The problem is that the AIRR library expect this basic form for all AIRR Spec objects.
This is simple to add (I already have in my local copy) and I can push if you agree...
I just wrote some very basic code to check Ontology labels, based on how the AIRR Spec defines ontologies. It uses the AIRR python library and the modified (as above) CurieMap and InformationProvider to build a OLS/OBO query, and then checks the results: https://github.com/sfu-ireceptor/sandbox/tree/master/ontology-check
$ python3 airr-onotlogy.py NCBITAXON:9606 "homo sapiens"
ERROR: Invalid CURIE/label: NCBITAXON:9606, homo sapiens, correct label = Homo sapiens
$ python3 airr-onotlogy.py NCBITAXON:9606 "Homo sapiens"
Valid CURIE and label: NCBITAXON:9606, Homo sapiens
$ python3 airr-onotlogy.py DOID:0080600 COVID-19
Valid CURIE and label: DOID:0080600, COVID-19
First steps toward an ADC Ontology checker... 8-)
One question - the CurieMap and InformationProvider objects are not "Objects" defined in the same way that the other objects are - that is with a
@bcorrie That's correct. The other AIRR objects are schema definitions, kind of like a Class in OO-programming while CURIEMap and InformationProvider are instances, that is they contain actual data instead of defining the structure. We can have a schema definition for CURIEMap, it would look something like this. It looks a bit odd because the keys are not pre-defined (thus the additionalProperties
). But remember, you'd still another need object that actually holds the data.
CURIEMap:
discriminator: AIRR
type: object
additionalProperties:
type: object
properties:
type:
type:string
default:
type: object
properties:
map:
type:string
provider:
type:string
map:
type: object
additionalProperties:
type: object
properties:
iri_prefix:
type: string
No handling of AIRR Spec files and processing them - the AIRR library does it for you.
The objects are similar to Info
, so they do need to be handled explicitly by the AIRR library, regardless of whether a schema definition is defined or not.
It would be nice to add a simple resolve
-like function to the AIRR library so users don't have to write their own, at least if they use R or python. That would also help insulate users from changes.
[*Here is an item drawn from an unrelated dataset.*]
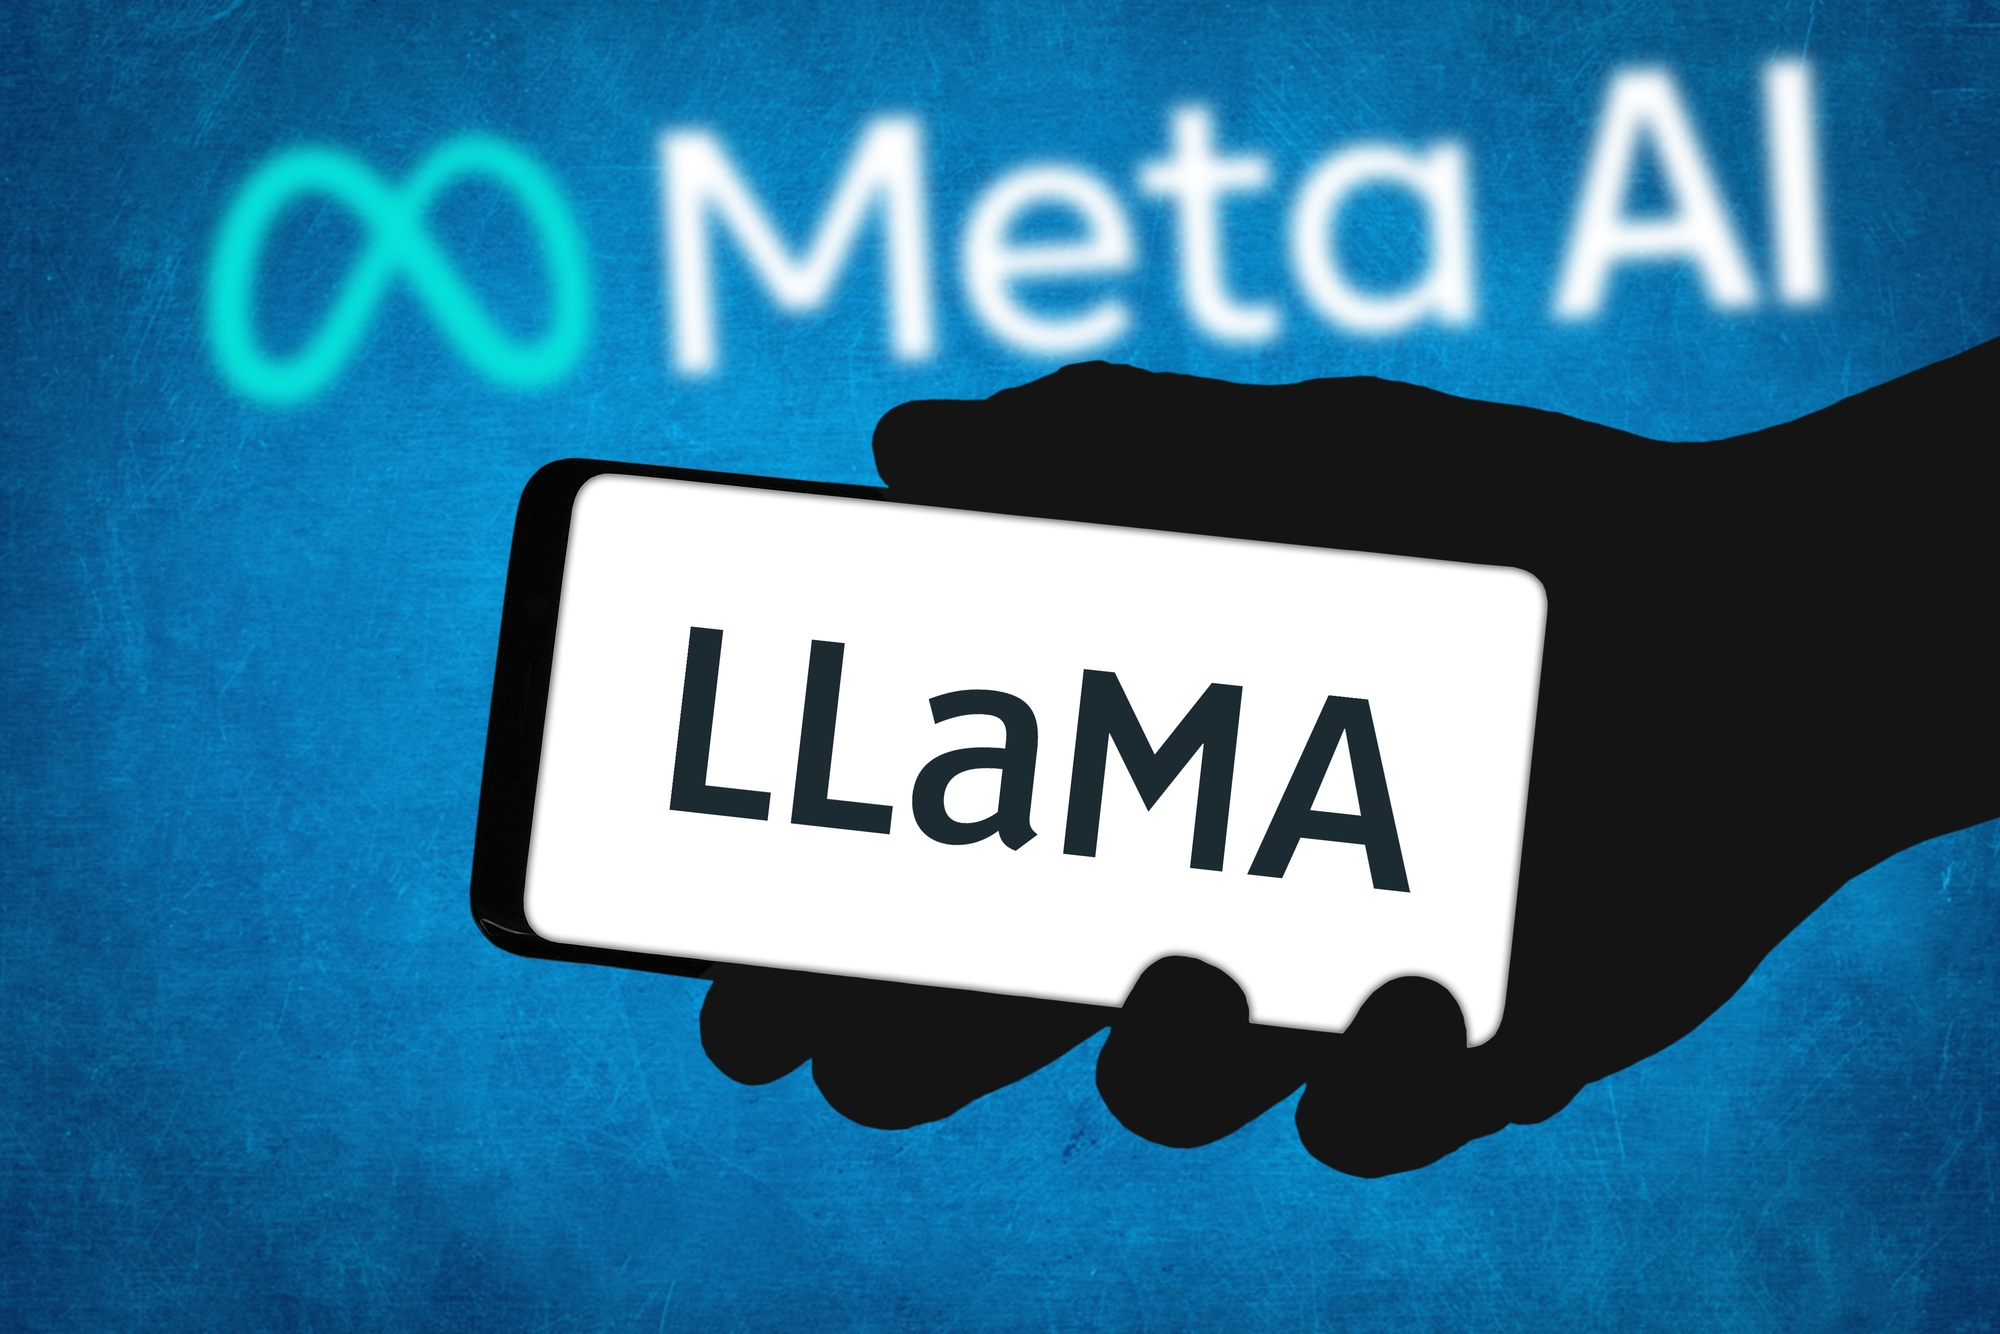 LLaMa, le modèle de langage destiné à l'IA de Facebook, fuite sur Internet !
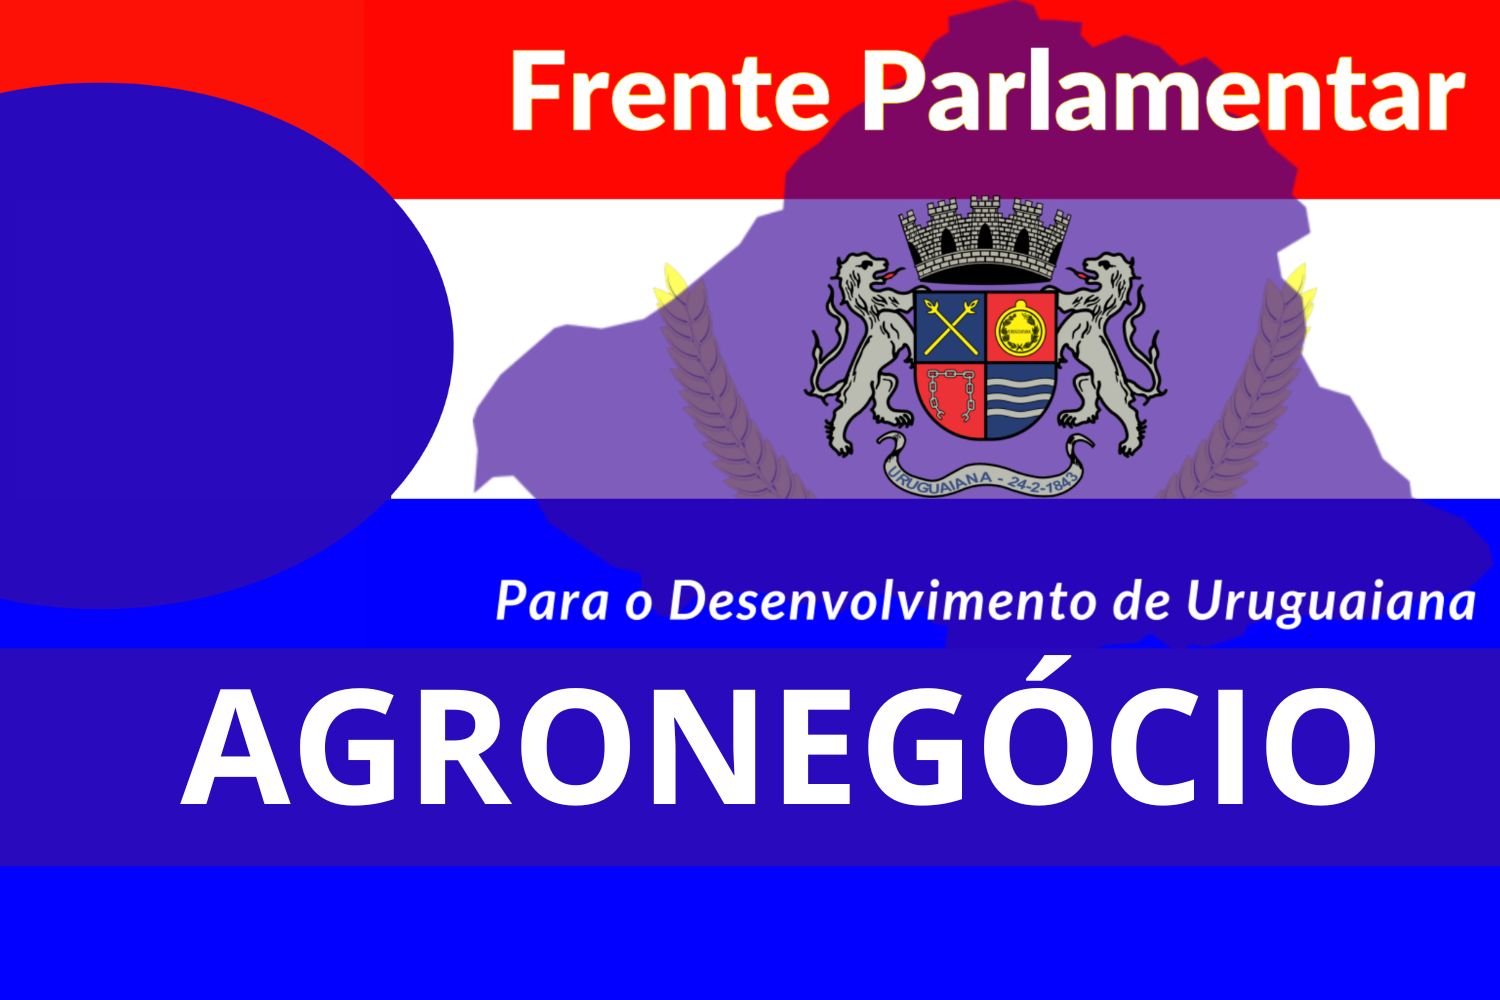  Agronegócio é tema de reunião da Frente Parlamentar de Desenvolvimento

There's actually an issue to validate ontology fields #503 which would imply that the AIRR library knows how to resolve the CURIE to check.
There's actually an issue to validate ontology fields #503 which would imply that the AIRR library knows how to resolve the CURIE to check.
I think #503 is to check the validity of a CURIE in terms of its format - that is, it is colon separated and the CURIE prefix exists in the schema, but not whether the CURIE itself is a valid CURIE for that Ontology, correct?
The code I have can do that, and we can probably reuse some of it in the AIRR Library, but my goal with the code above is to create a CURIE checker for the content of an ADC repository.
@bcorrie That's correct. The other AIRR objects are schema definitions, kind of like a Class in OO-programming while CURIEMap and InformationProvider are instances, that is they contain actual data instead of defining the structure.
Right, I remember having this discussion earlier, thanks for the reminder - perhaps we should document that in the Spec itself so it is clear to people like me who forget 8-) I wonder - should we have object definitions for these object instances - then we could use the AIRR schema to confirm the validity of those objects?
@bussec did you do some sort of weird merge/push (force-push) above... When I do a pull of my local copies of the ontovoc-4-21 branch are complaining that I have some minor conflicts in a doc file. When I fix the 1 conflict file, it says I have 17 local changes - when I haven't actually changed anything.
This is on a Linux box, but I had the same situation when I tried to access this on my desktop through Sourcetree...
@bcorrie Yes, I rebased the ontovoc-04-21
branch onto the current tip of master
to reduce potential conflicts as this branch hasn't seen any work for 8 months. This should however not create any conflicts on your side, unless you had changes that were not pushed yet. Please PM me the details.